▶ **WORK ORDER**
Retype all of the listing exactly, passing over any picture you find.

▶ **DATA**
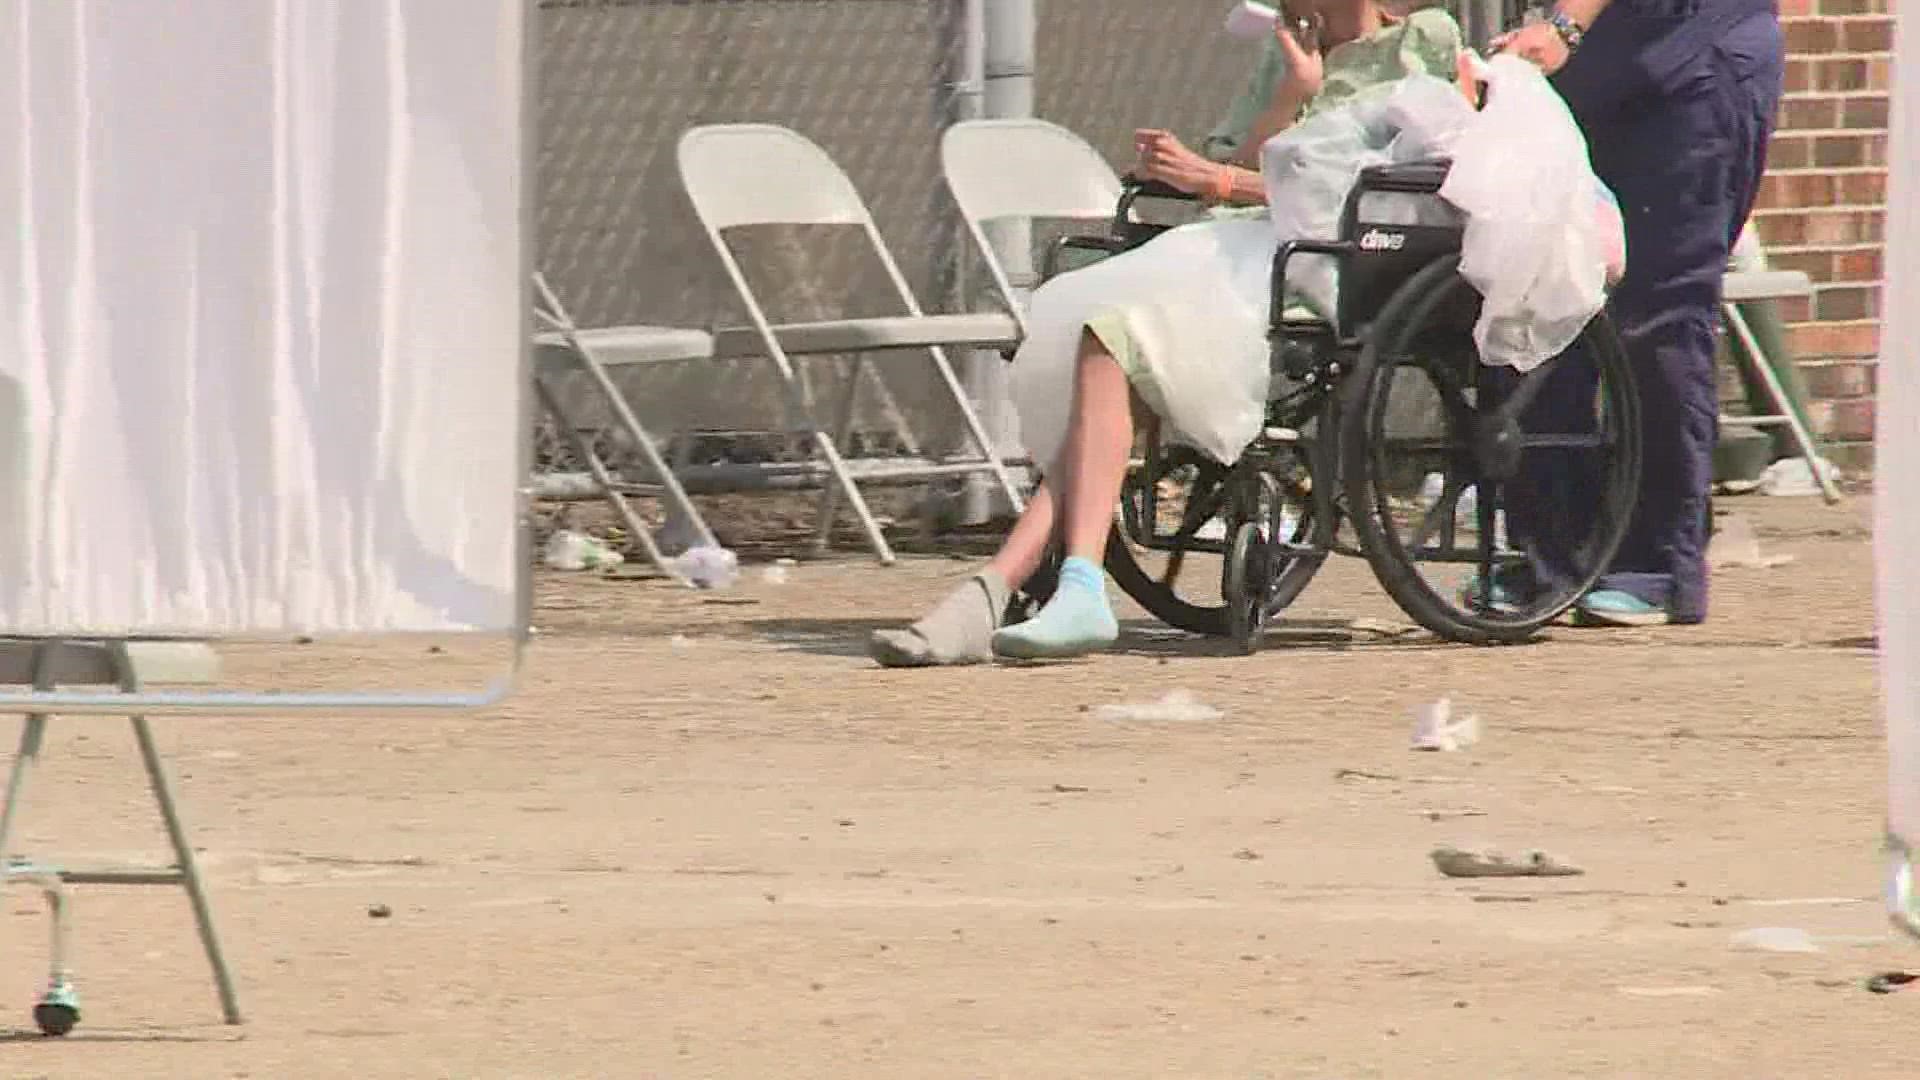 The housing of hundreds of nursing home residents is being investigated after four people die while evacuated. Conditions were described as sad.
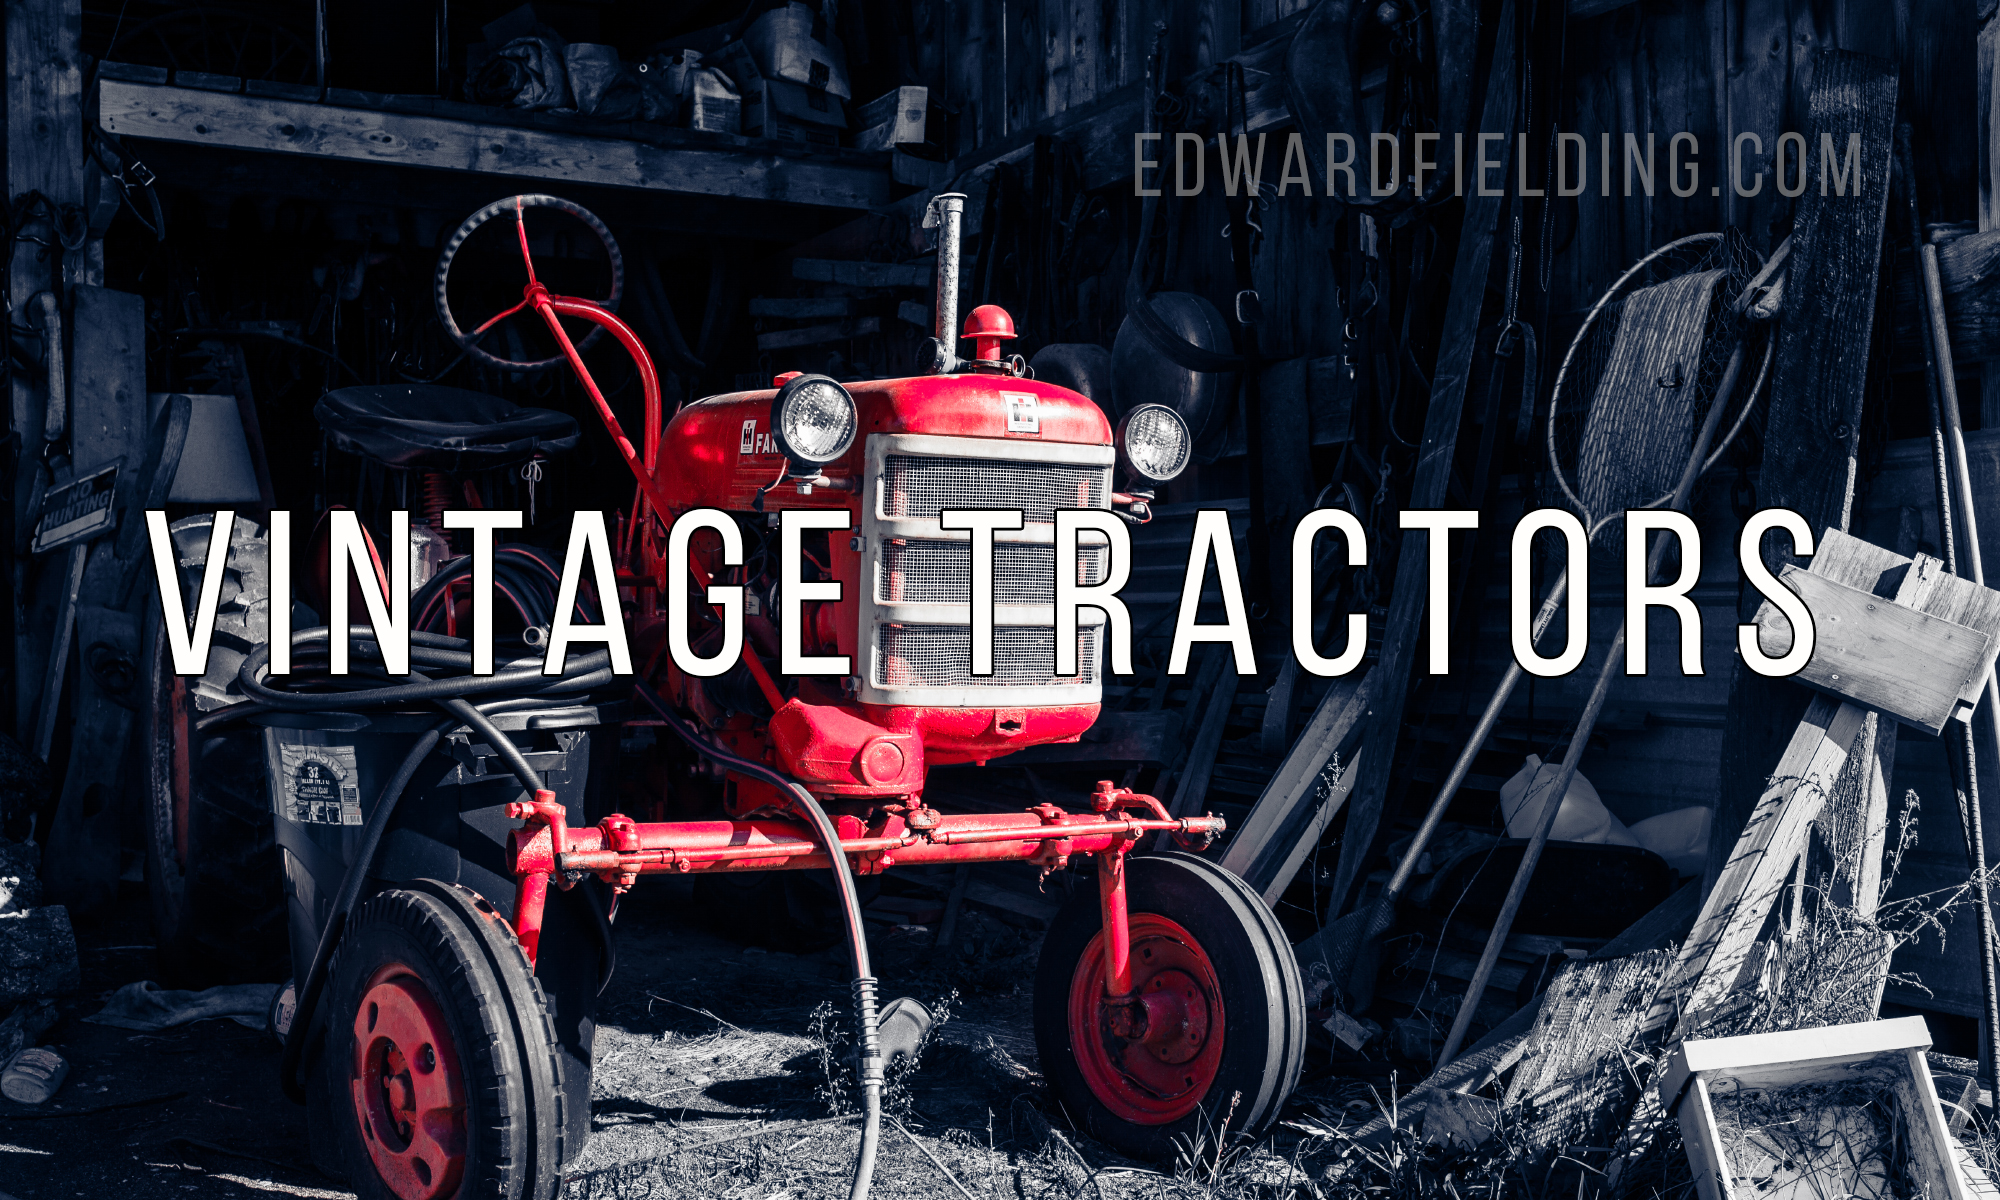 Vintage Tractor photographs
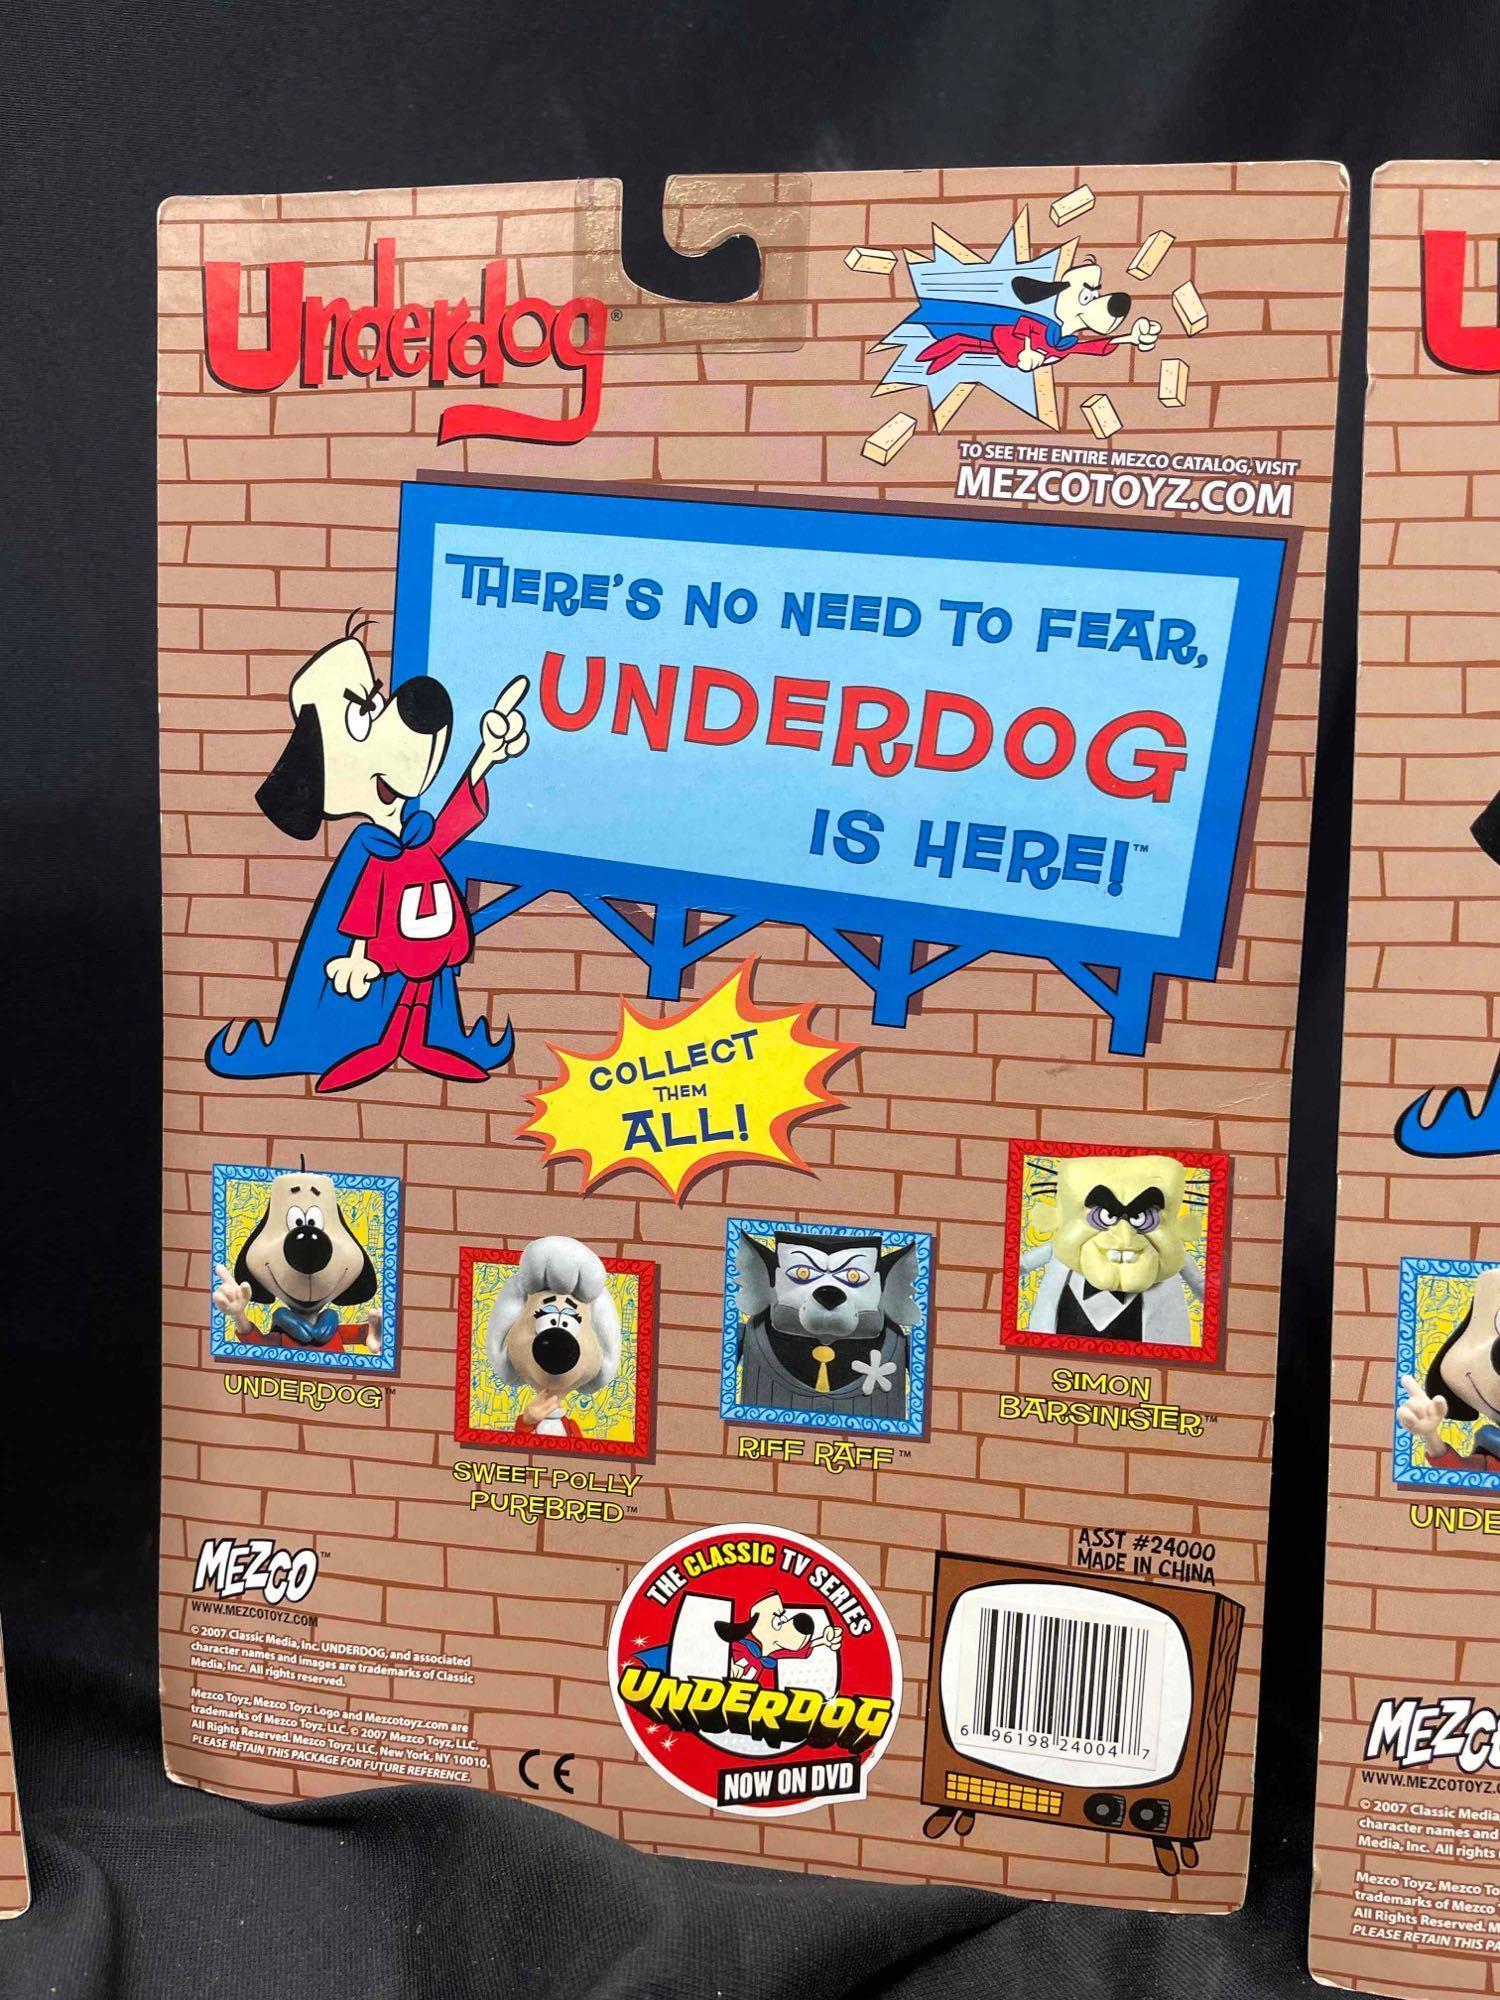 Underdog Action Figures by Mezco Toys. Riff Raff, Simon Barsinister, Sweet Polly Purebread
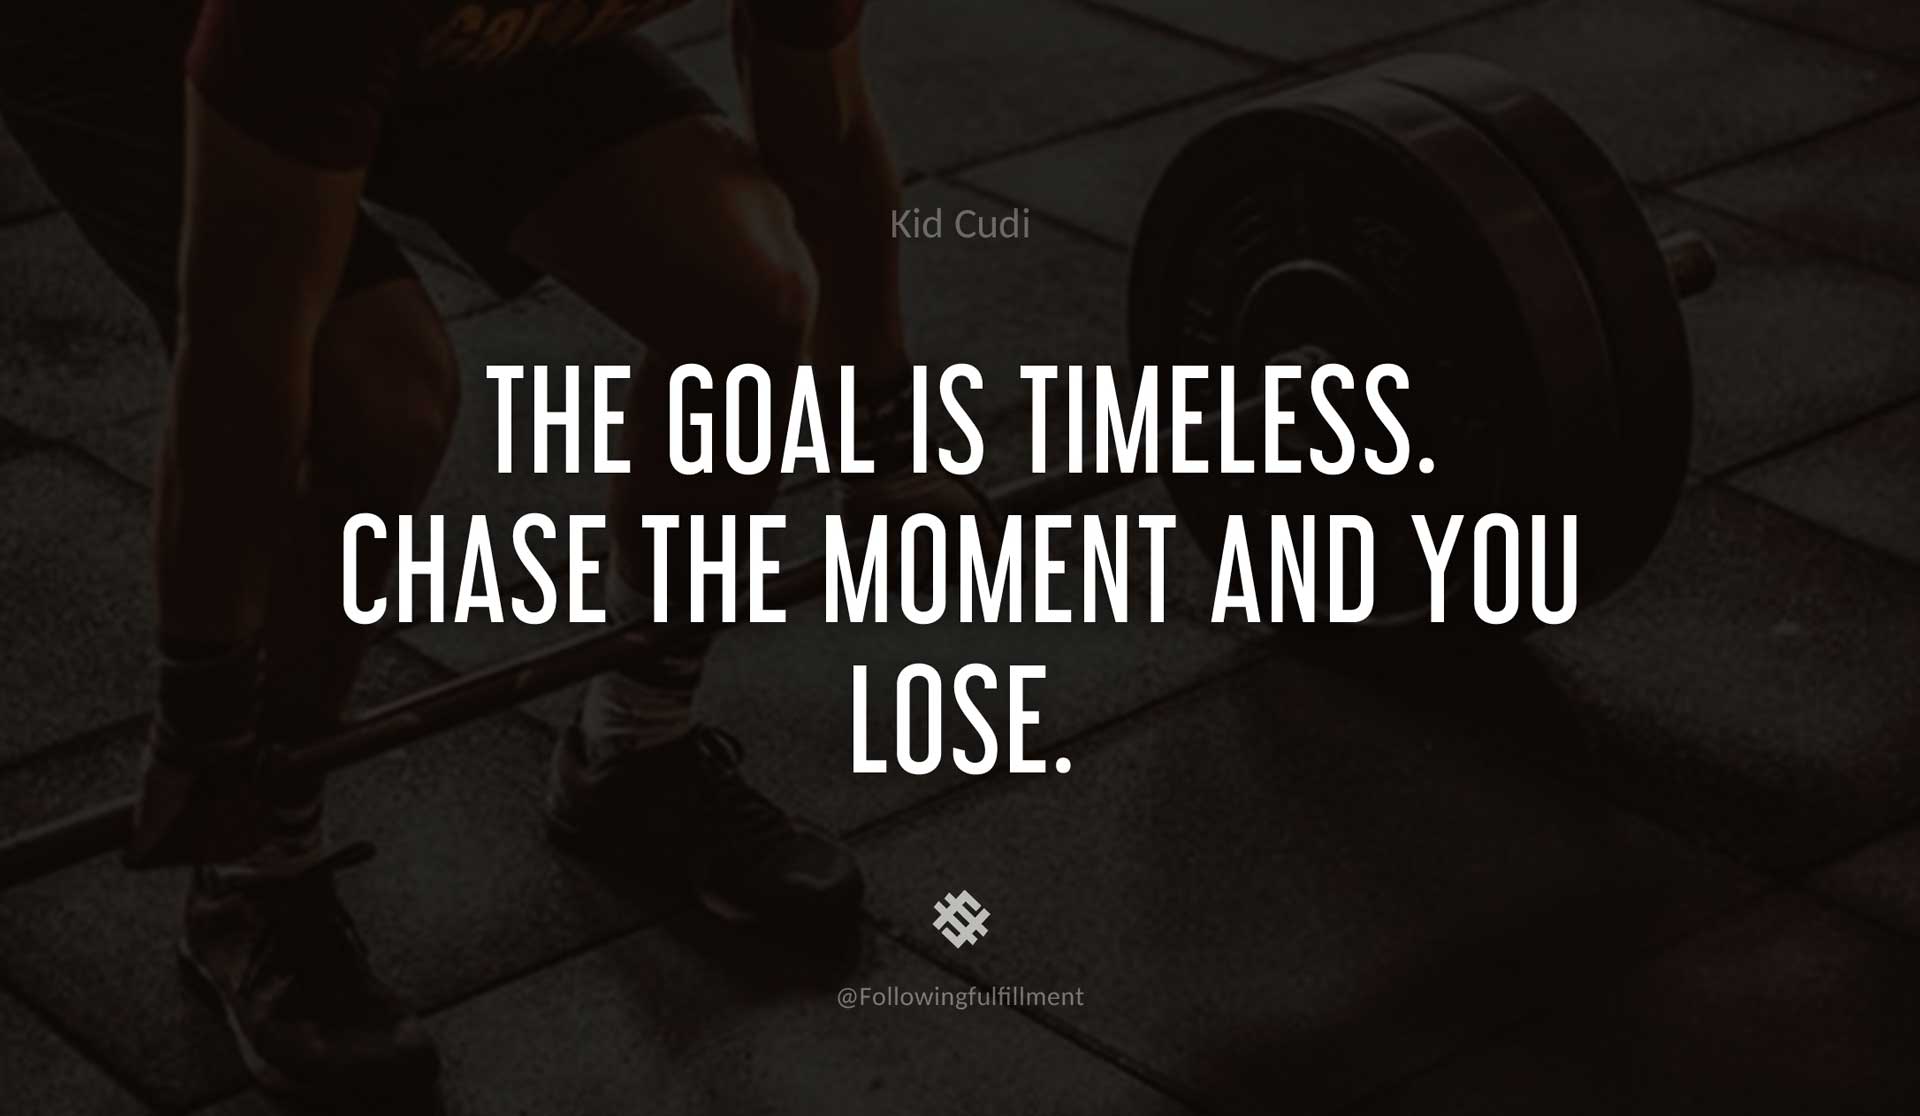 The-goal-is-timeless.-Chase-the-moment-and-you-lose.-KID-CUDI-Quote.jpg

▶ **ANSWER FOR THE TASK**
 The housing of hundreds of nursing home residents is being investigated after four people die while evacuated. Conditions were described as sad.
 Vintage Tractor photographs
 Underdog Action Figures by Mezco Toys. Riff Raff, Simon Barsinister, Sweet Polly Purebread
 The-goal-is-timeless.-Chase-the-moment-and-you-lose.-KID-CUDI-Quote.jpg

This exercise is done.